Minister of Gender Equality and Child Welfare
- In office 2005–2010
- President: Hifikepunye Pohamba
- Prime Minister: Nahas Angula
- Preceded by: Netumbo Nandi-Ndaitwah
- Succeeded by: Doreen Sioka

Minister of Labour and Social Welfare
- In office 2004–2005
- President: Sam Nujoma
- Prime Minister: Theo-Ben Gurirab
- Preceded by: Marco Hausiku
- Succeeded by: Alpheus ǃNaruseb

Deputy minister of Minister of Gender Equality and Child Welfare
- In office 2000–2004
- President: Sam Nujoma
- Prime Minister: Hage Geingob Theo-Ben Gurirab

Personal details
- Born: September 11, 1954 (age 71) Mariental, Hardap Region
- Occupation: Politician

= Marlene Mungunda =

Namibian politician

Maria Marlene Mungunda (born 11 September 1954 in Mariental, Hardap Region) is a Namibian politician who served in several portfolios as minister.

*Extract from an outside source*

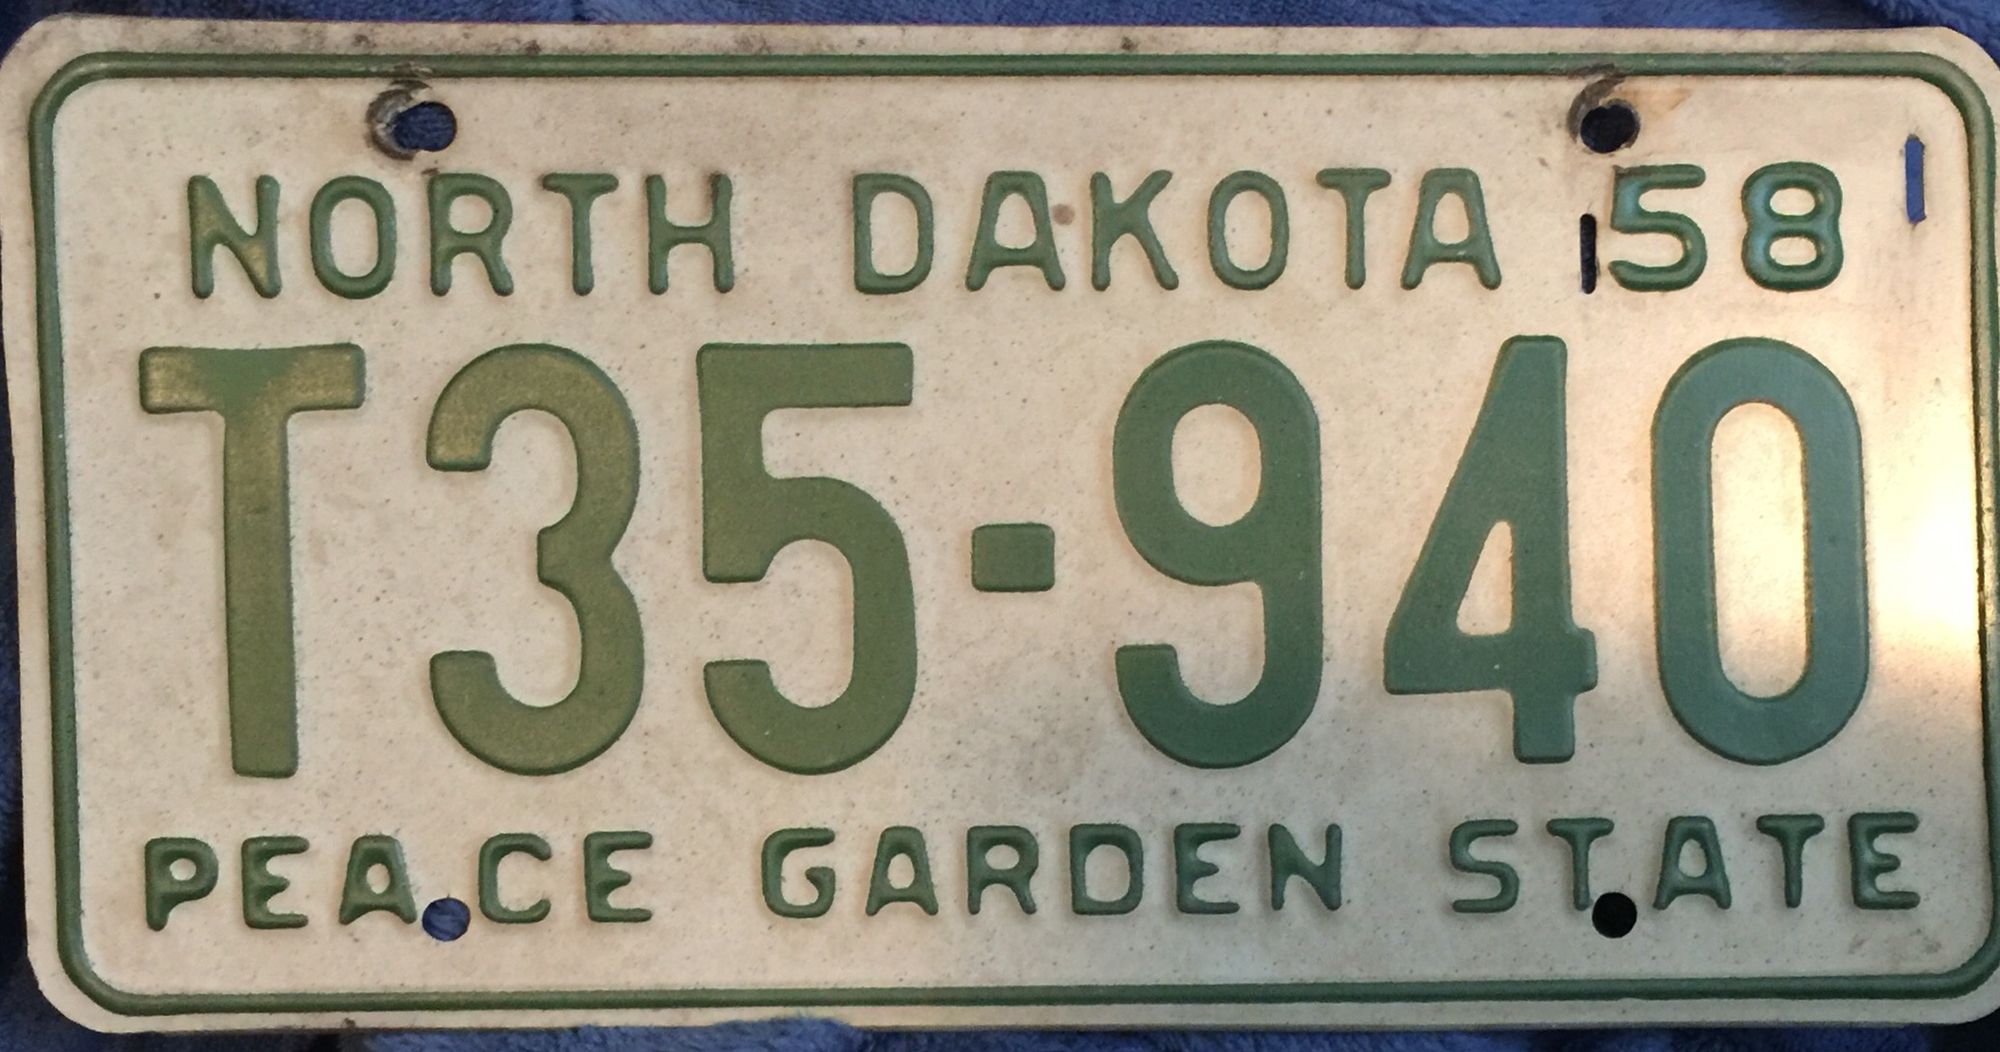 1990 Illinois Farm License Plates   ojo   Pinterest   License plates ...
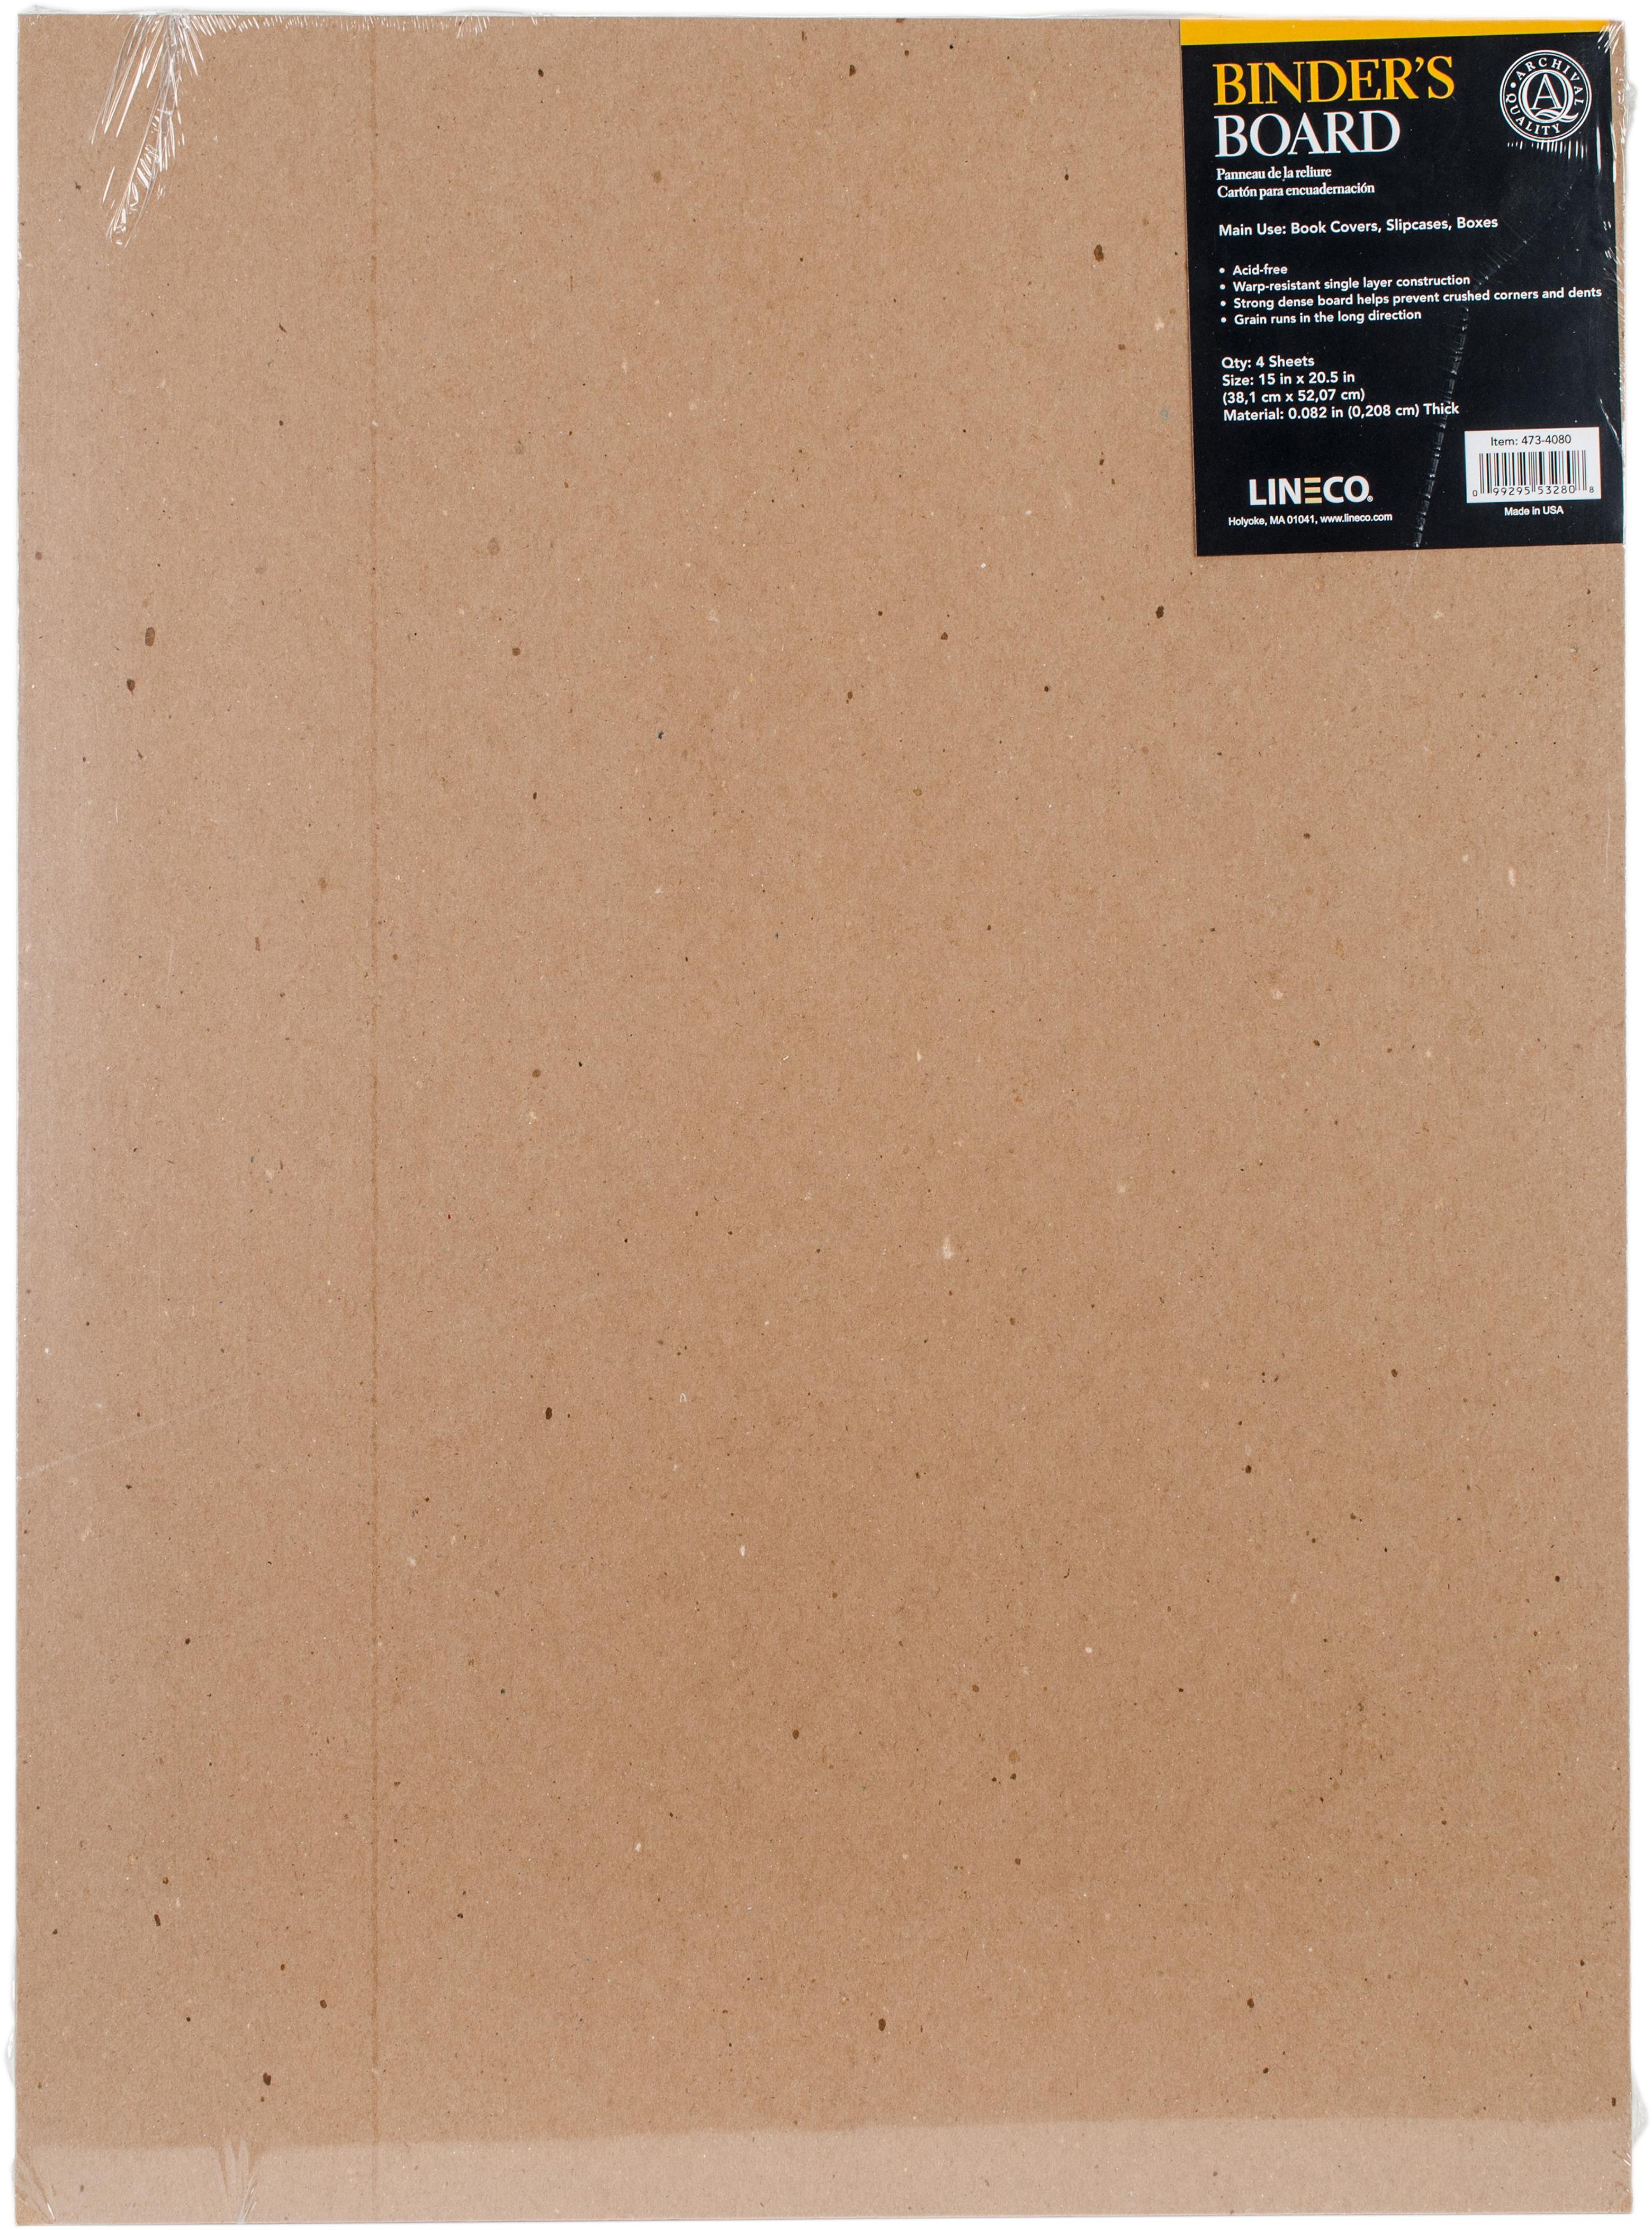 Lineco Binder's Board 4/Pkg-15X20.5X.082 (80 Point)

She is a teacher by profession and worked as teacher from 1975 to 1996.

== Career ==
A member of the SWAPO, Mungunda worked in the lower party structures for her home town Mariental and for the Southern region. In 1996 she entered parliament. She was appointed deputy minister of Minister of Gender Equality and Child Welfare in 2000. In 2004 she was promoted to Minister of Labour and Social Welfare, and in 2005 she returned to the gender equality ministry, this time as minister.